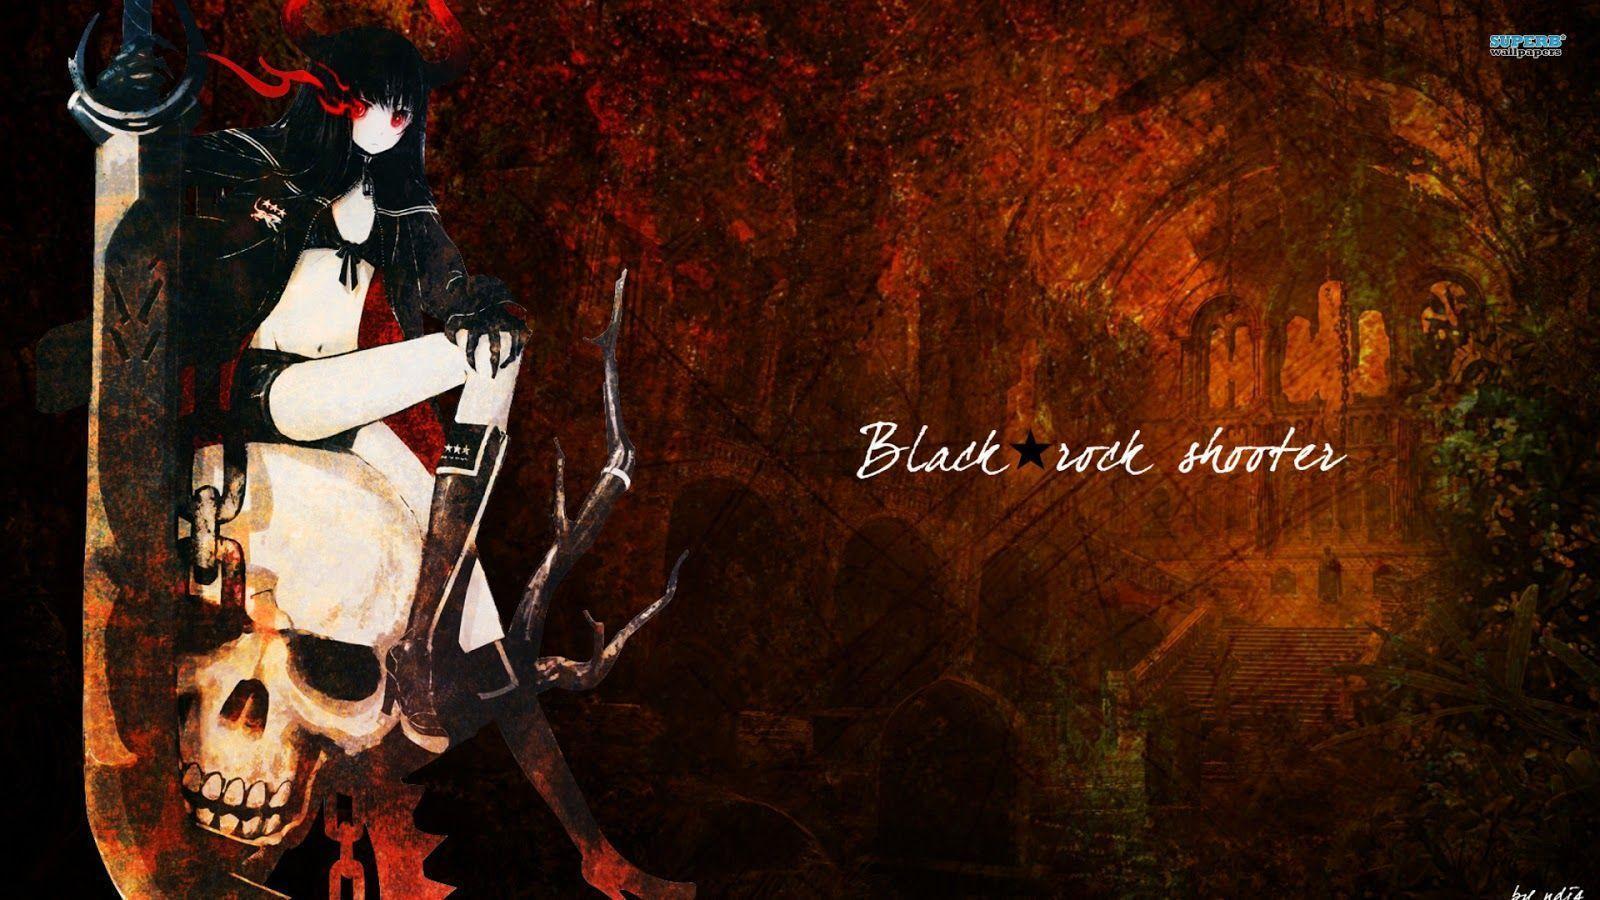 Epic anime wallpapers wallpapersafari - Anime backgrounds com ...
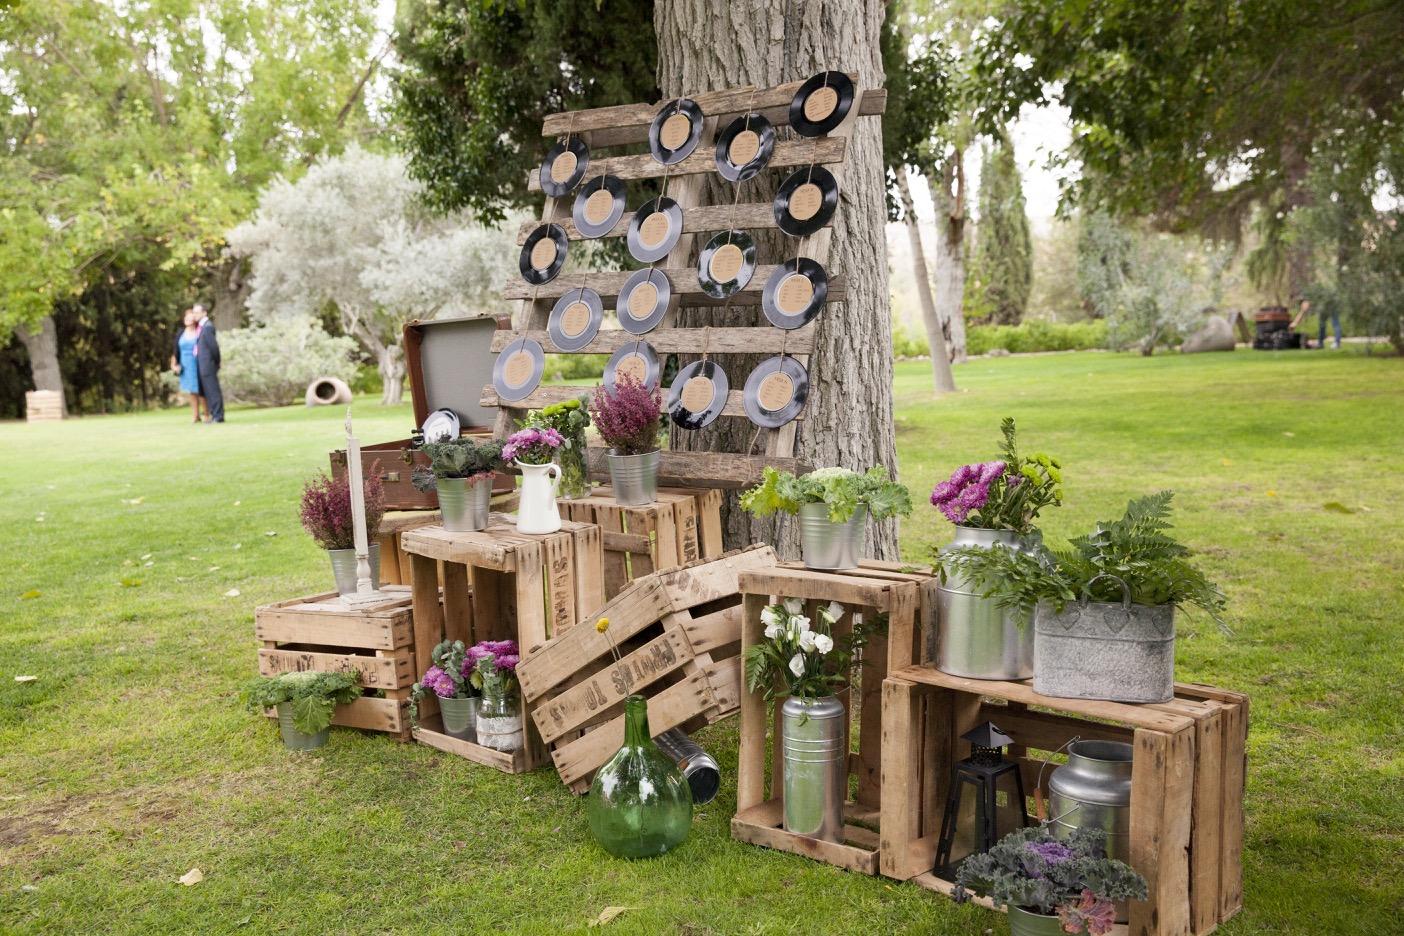 Colores de boda seating plan palets vinilos damajuanas for Decoracion de pared para novios
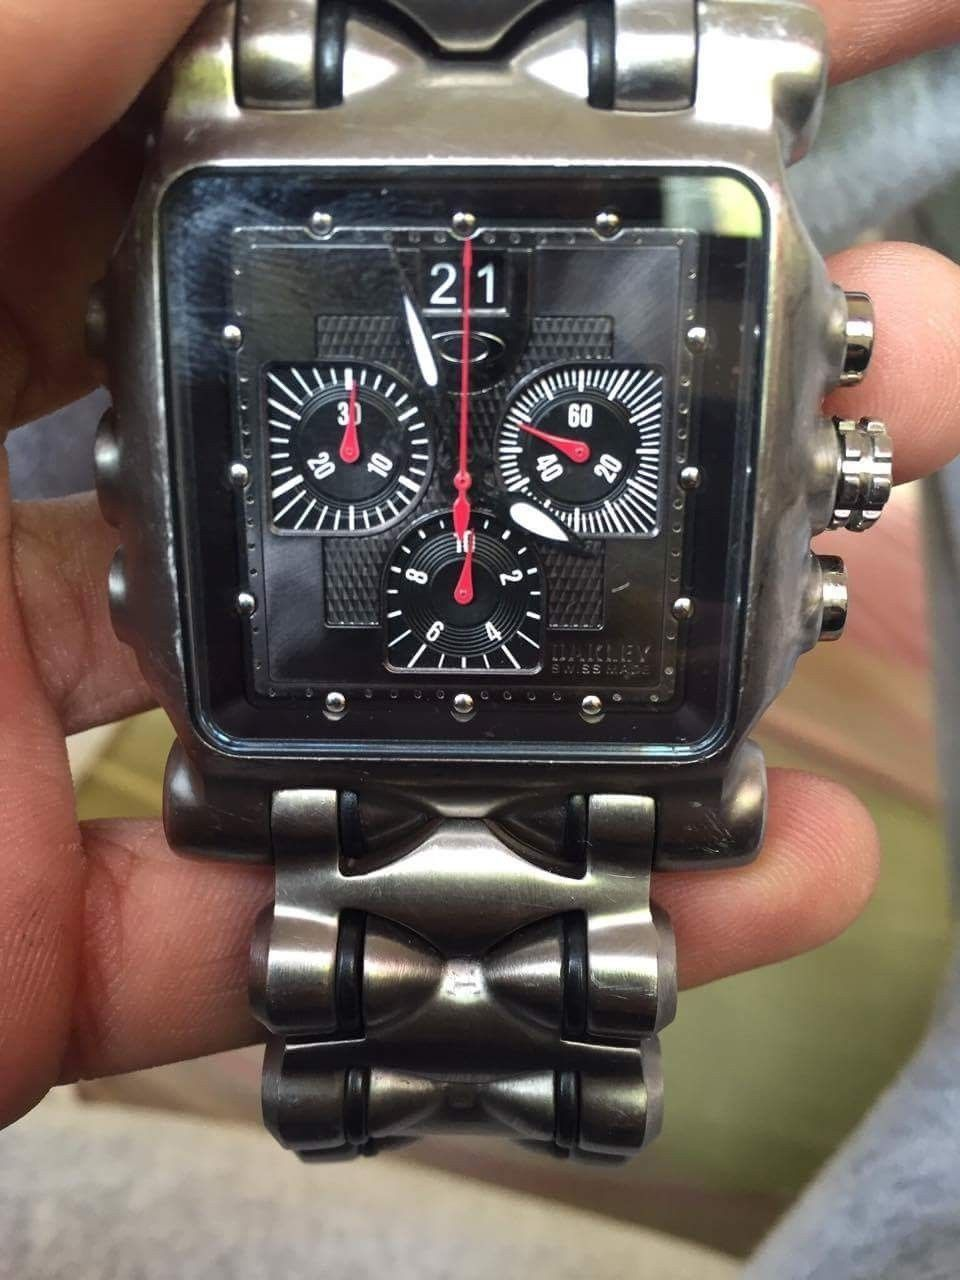 Minute Machine  Original  or Fake ? - 59bd51f9-3cf8-4d90-9687-8e56ab77c867.jpeg
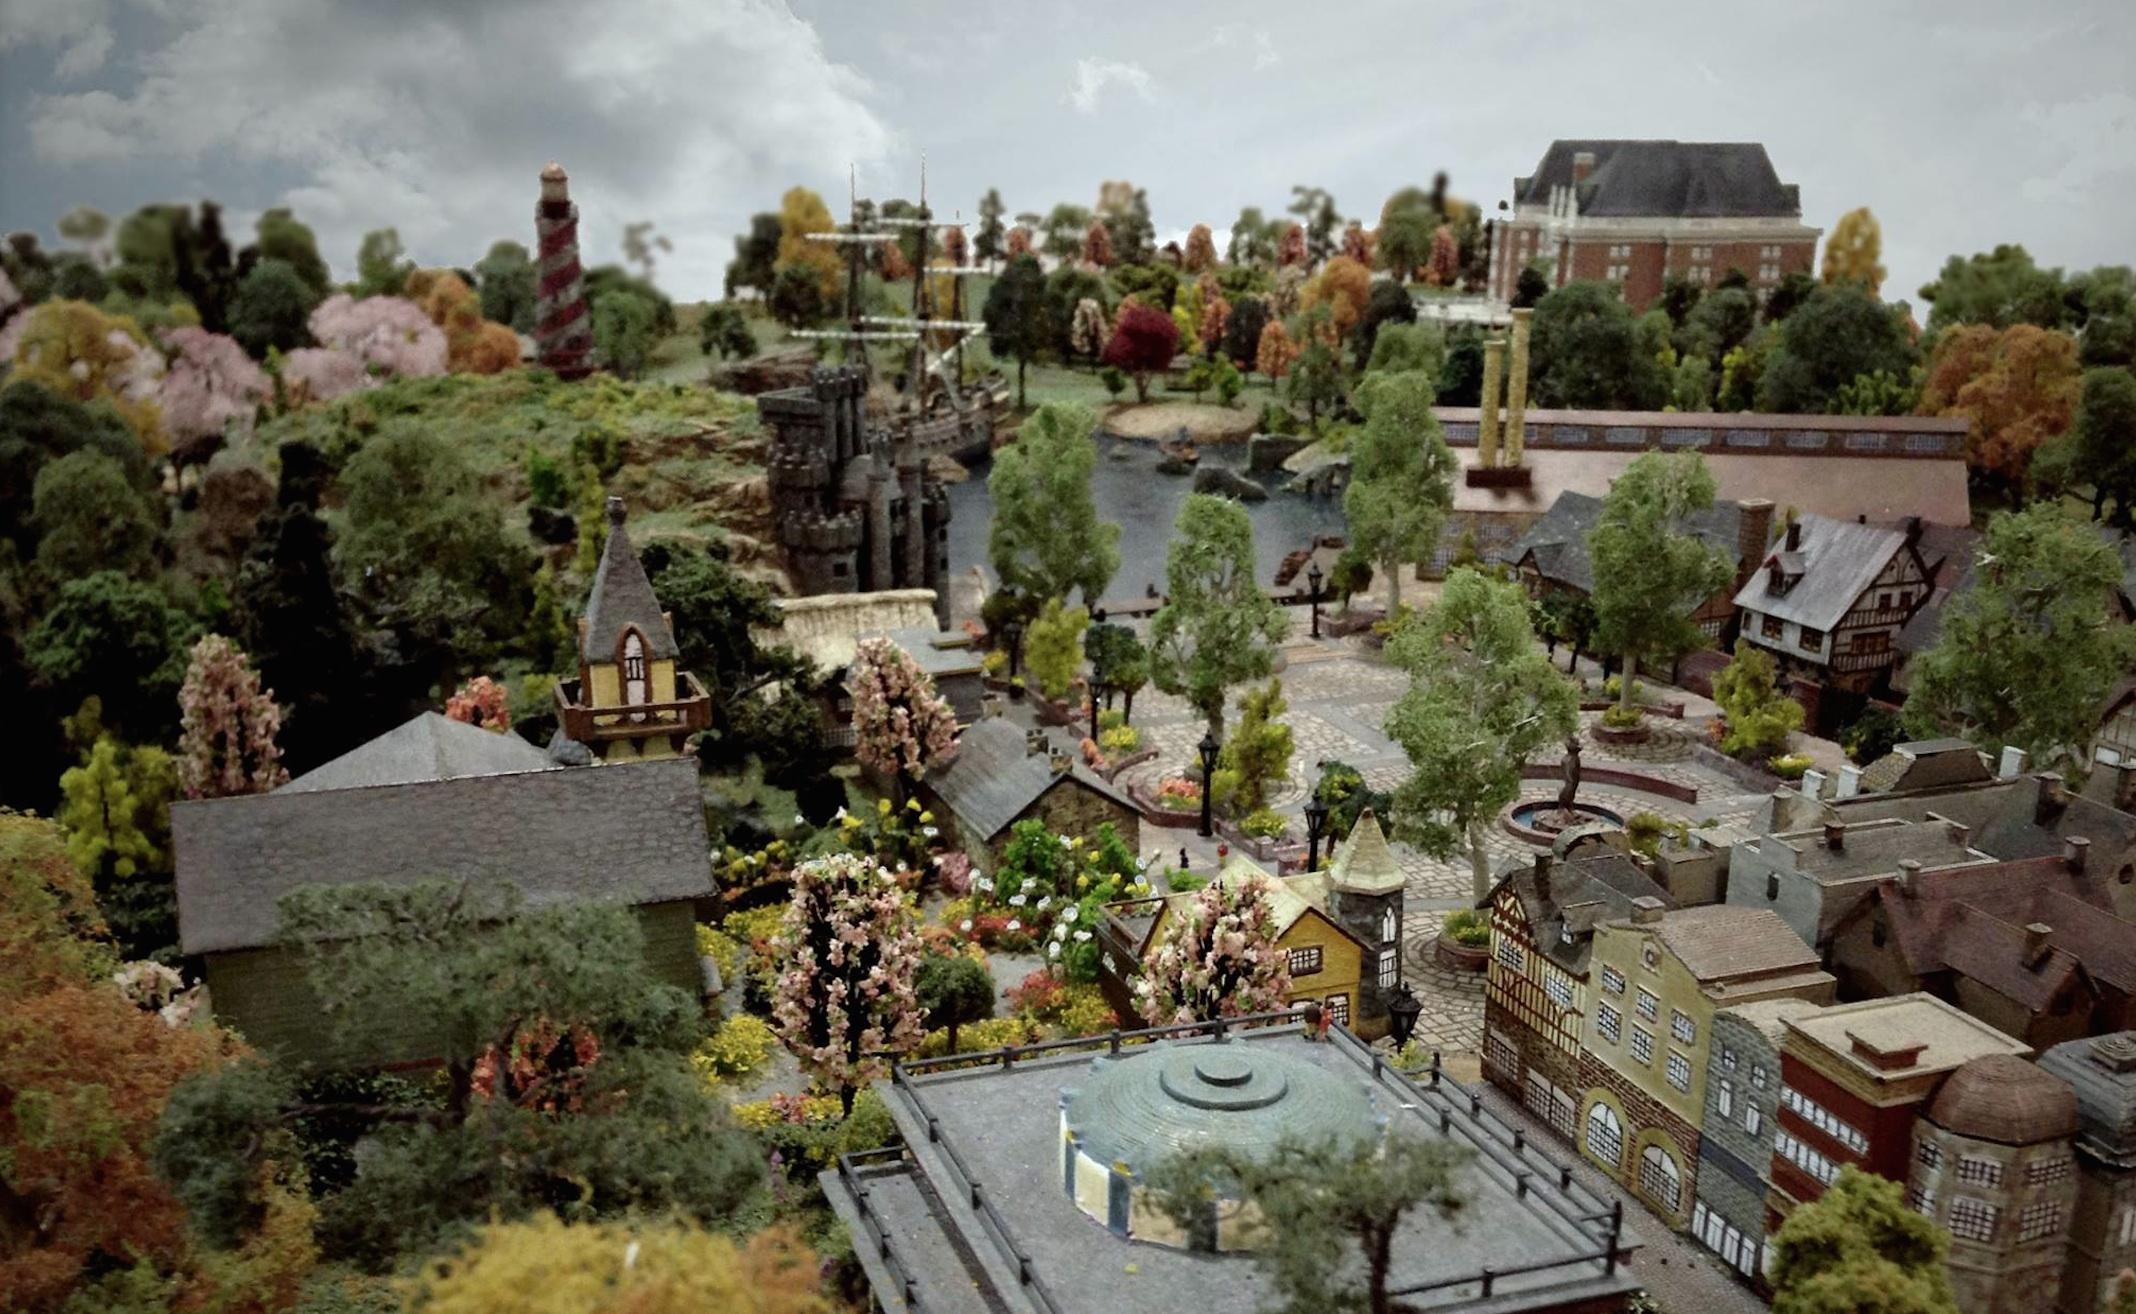 Ksl Com Cars >> New Utah theme park will be interactive and immersive | KSL.com

[Problem details]: Retype each line of the listing above word for word. Exclude the pictures.

[Output of the task]:
 Epic anime wallpapers wallpapersafari - Anime backgrounds com ...
 Colores de boda seating plan palets vinilos damajuanas for Decoracion de pared para novios
 Minute Machine  Original  or Fake ? - 59bd51f9-3cf8-4d90-9687-8e56ab77c867.jpeg
 Ksl Com Cars >> New Utah theme park will be interactive and immersive | KSL.com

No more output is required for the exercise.